▶ **Supplied data**

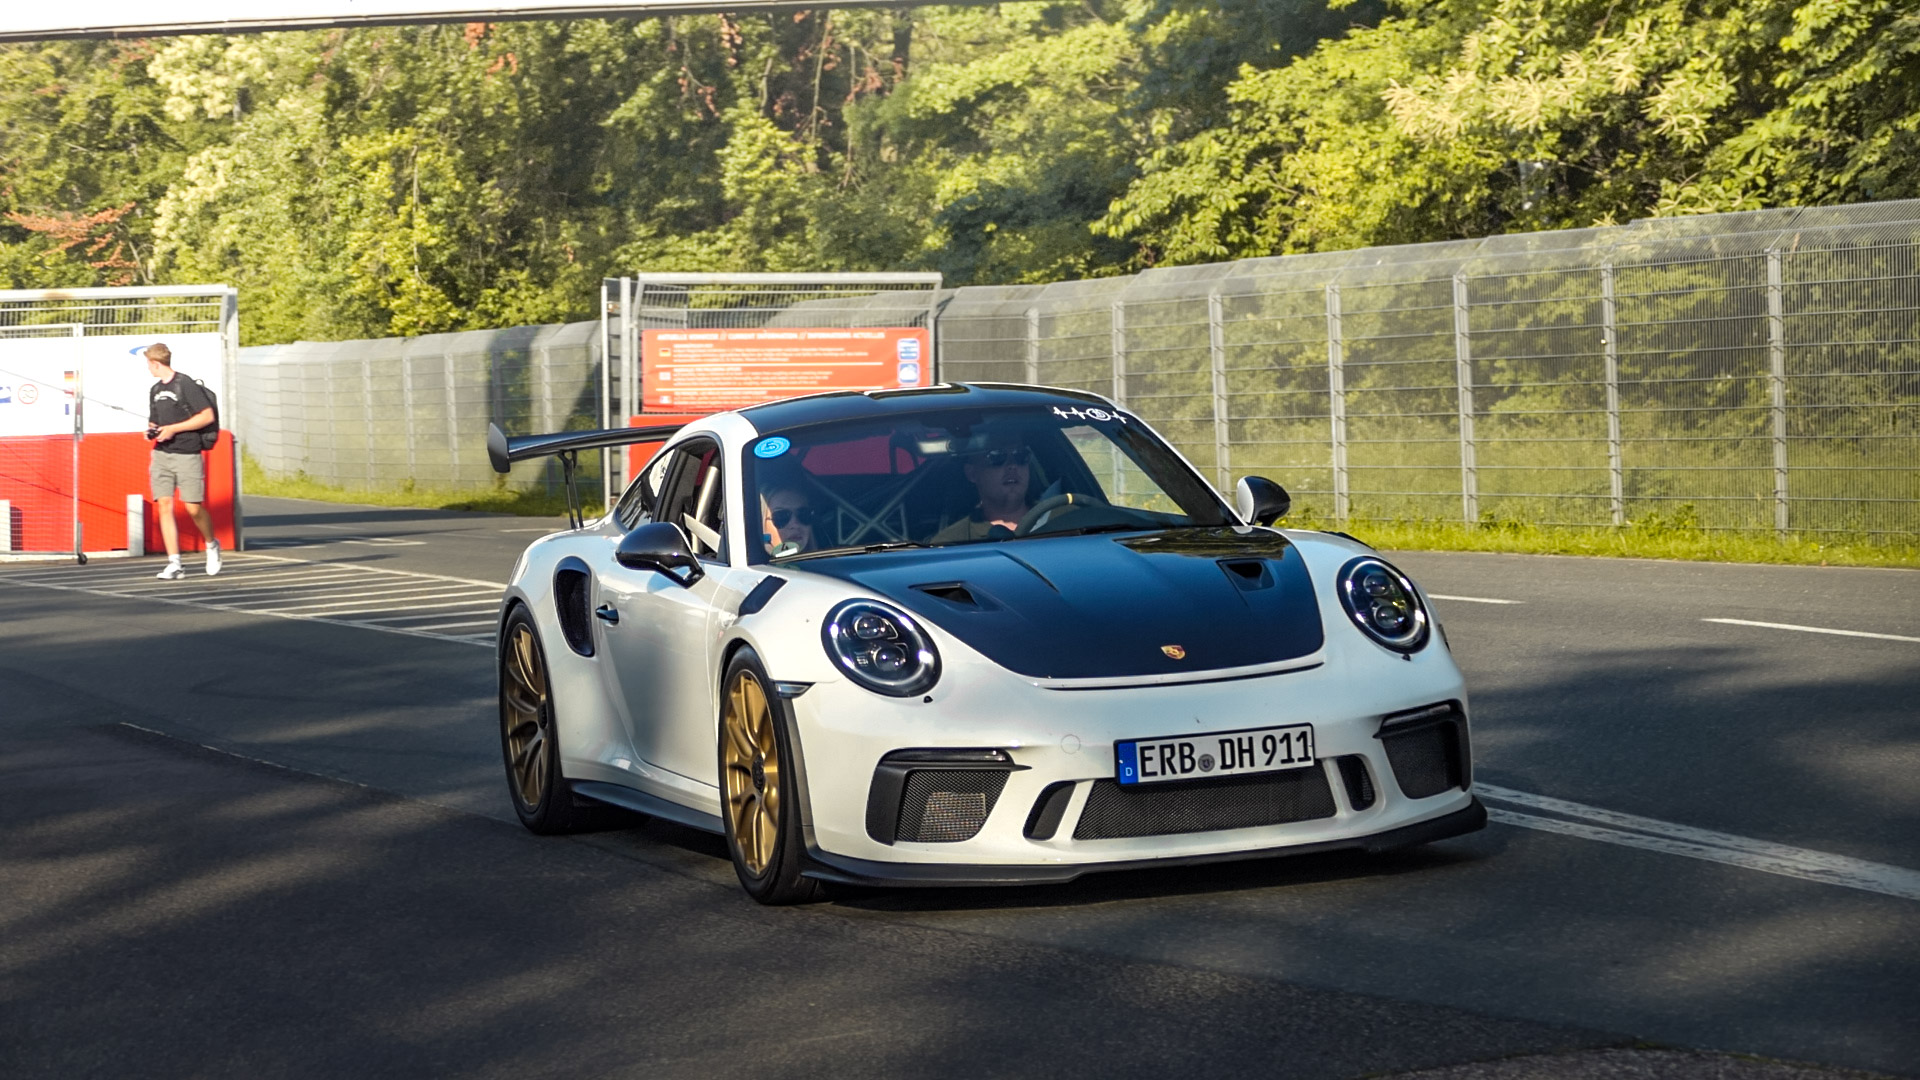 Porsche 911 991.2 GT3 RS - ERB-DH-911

...

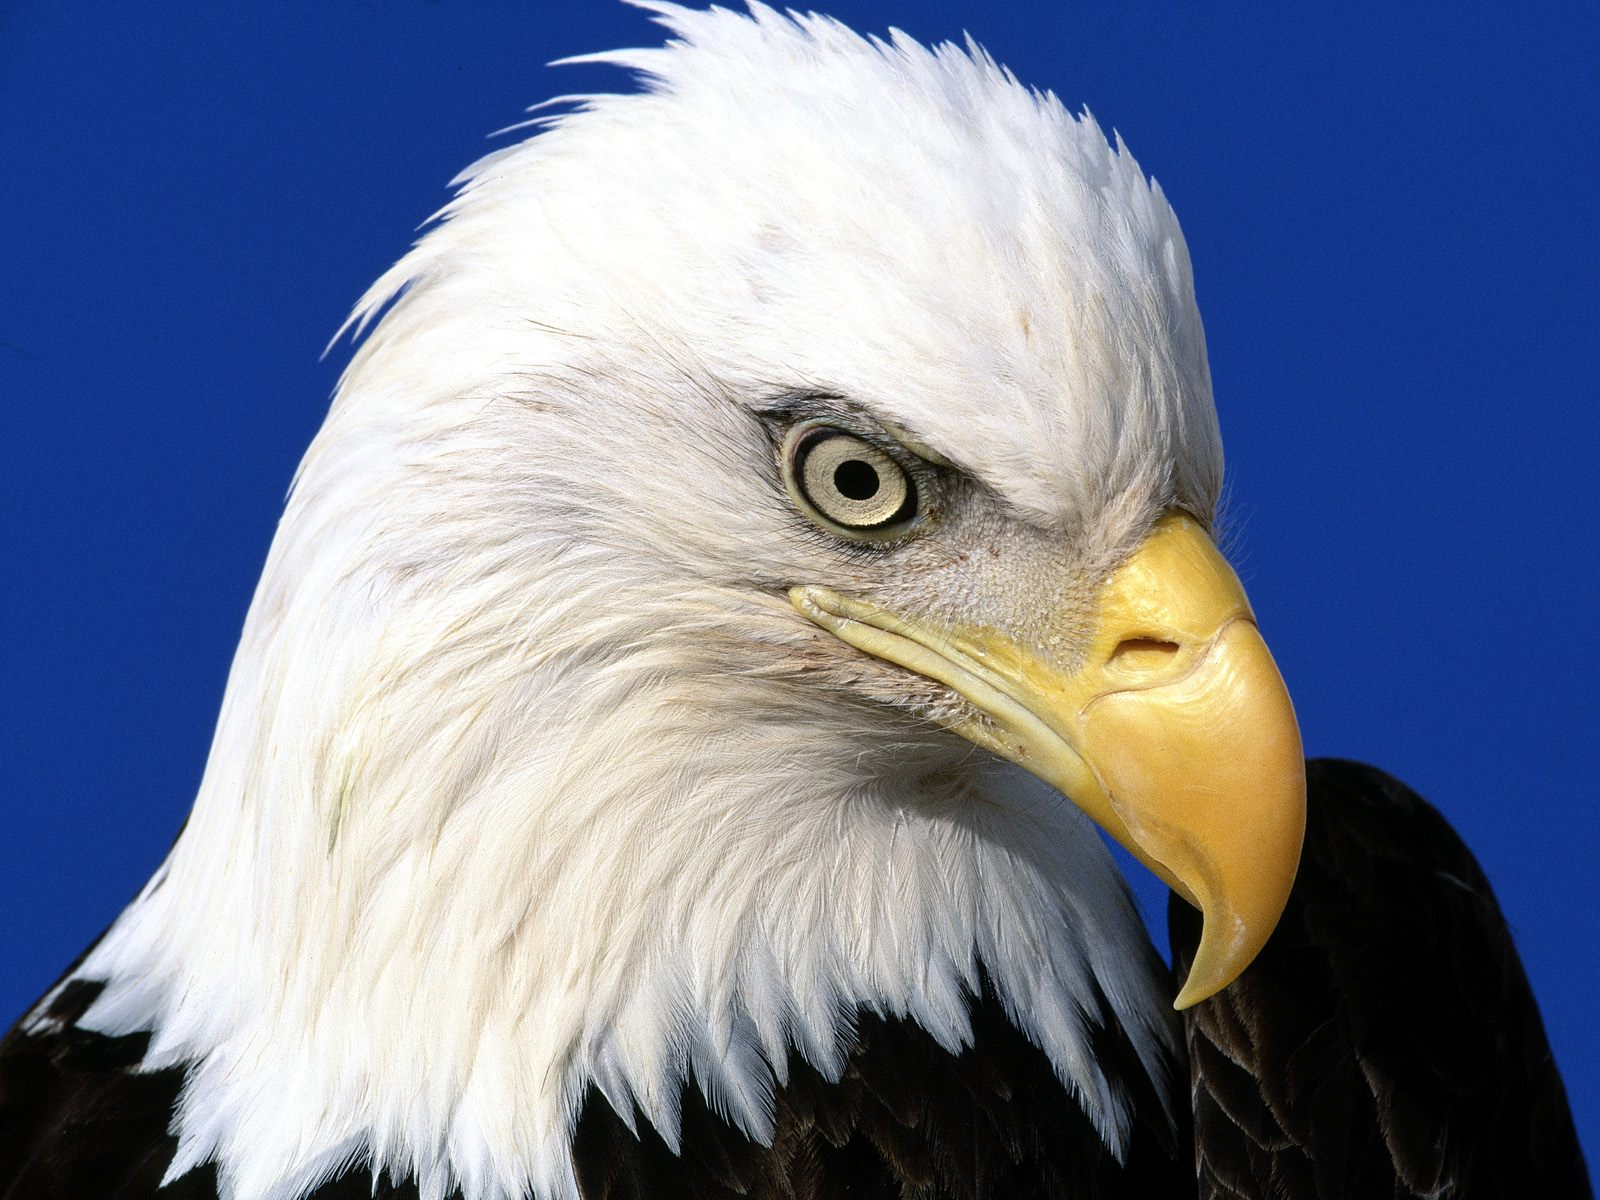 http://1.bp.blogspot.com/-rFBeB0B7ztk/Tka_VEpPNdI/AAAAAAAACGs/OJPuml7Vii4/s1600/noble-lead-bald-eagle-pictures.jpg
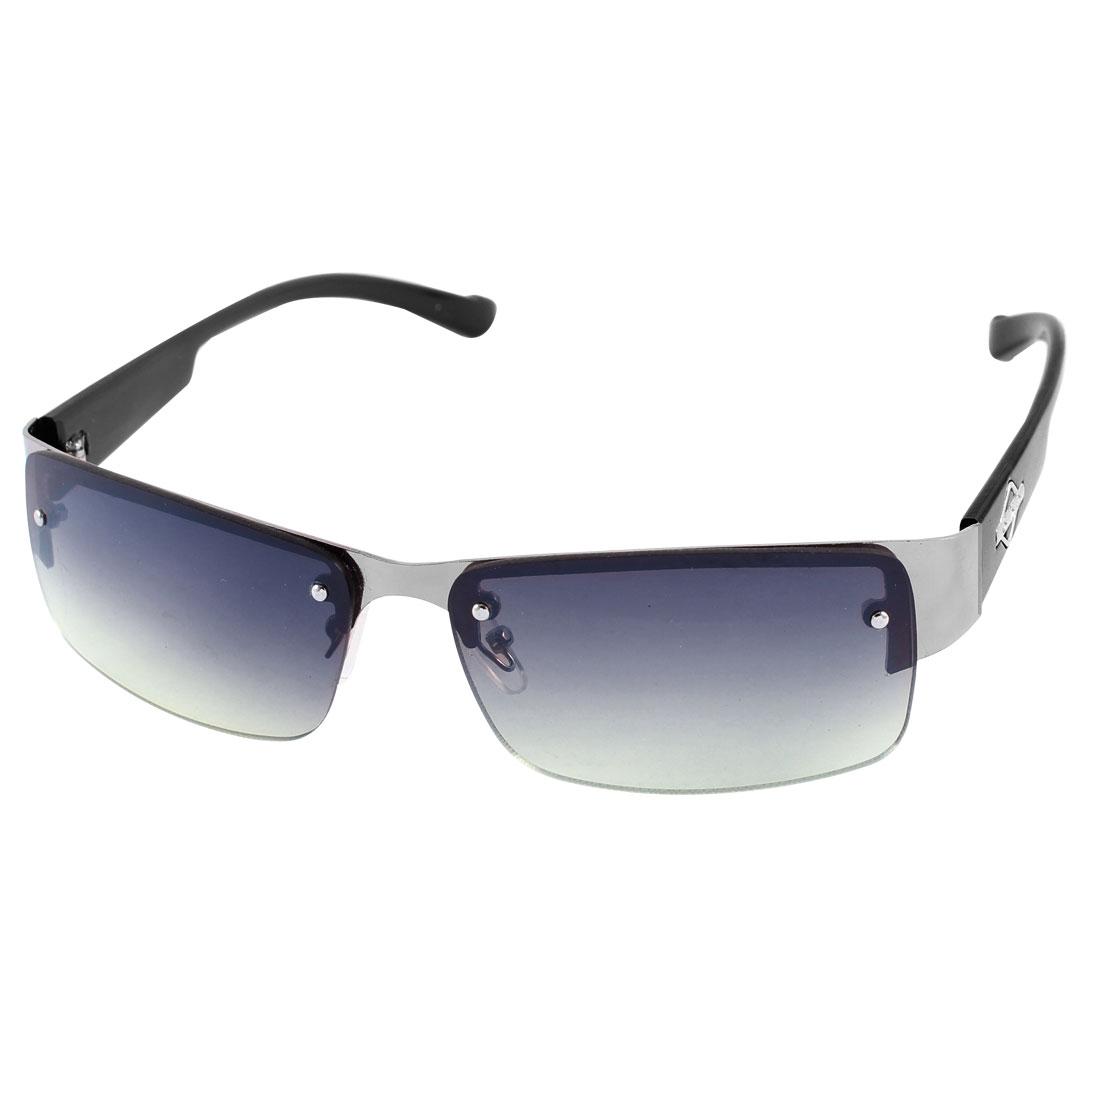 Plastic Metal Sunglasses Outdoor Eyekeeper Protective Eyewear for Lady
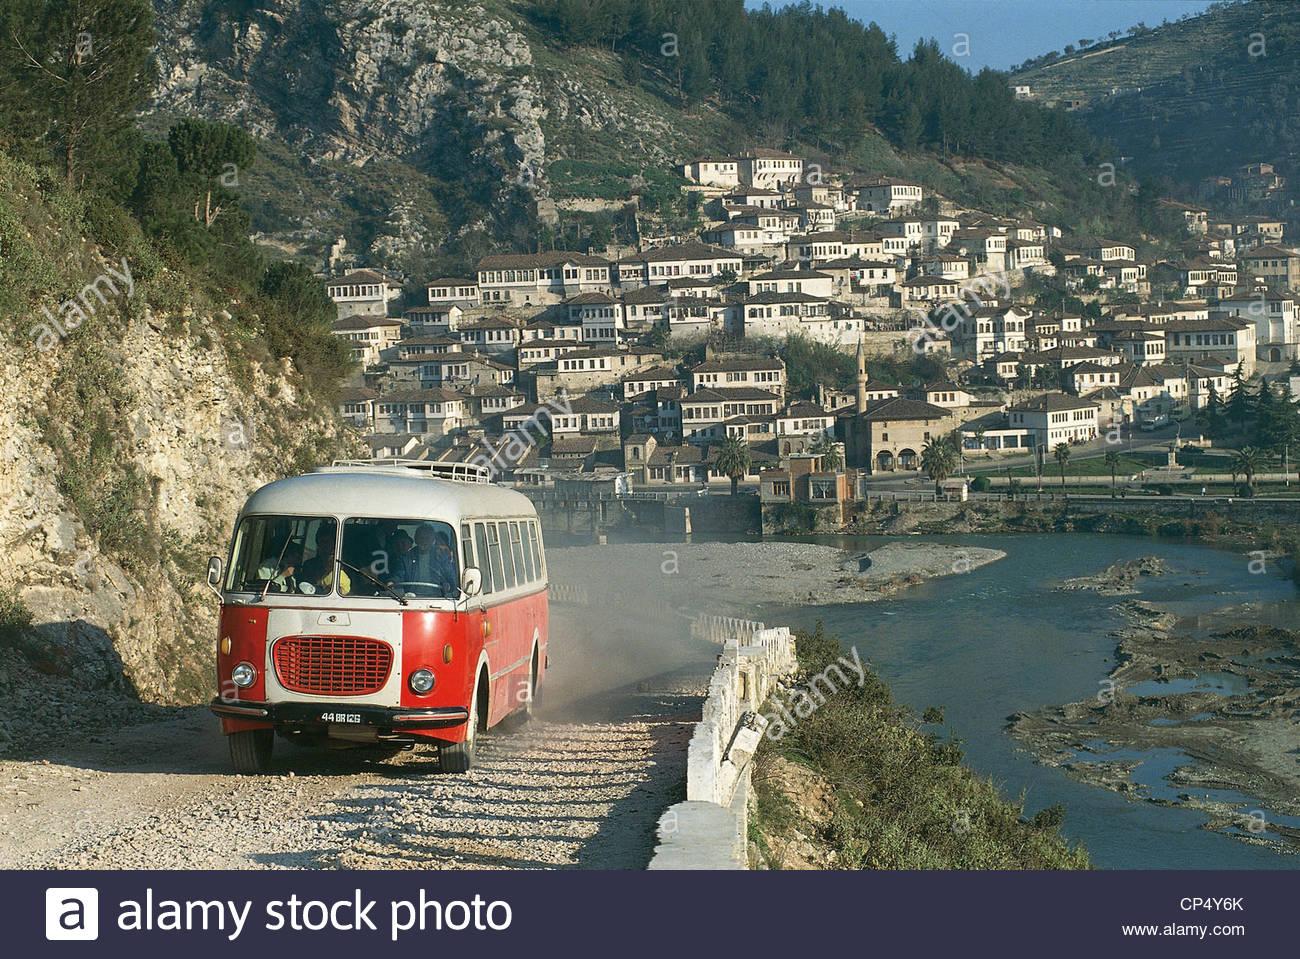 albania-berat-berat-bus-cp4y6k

▶ **What you are asked to do**
The reply should hold exactly the lines above, starting at the line with "Plastic Metal Sunglasses" and ending at the line with "albania-berat-berat-bus-cp4y6k", and no pictures.

▶ **Output of the task**
 Plastic Metal Sunglasses Outdoor Eyekeeper Protective Eyewear for Lady
 albania-berat-berat-bus-cp4y6k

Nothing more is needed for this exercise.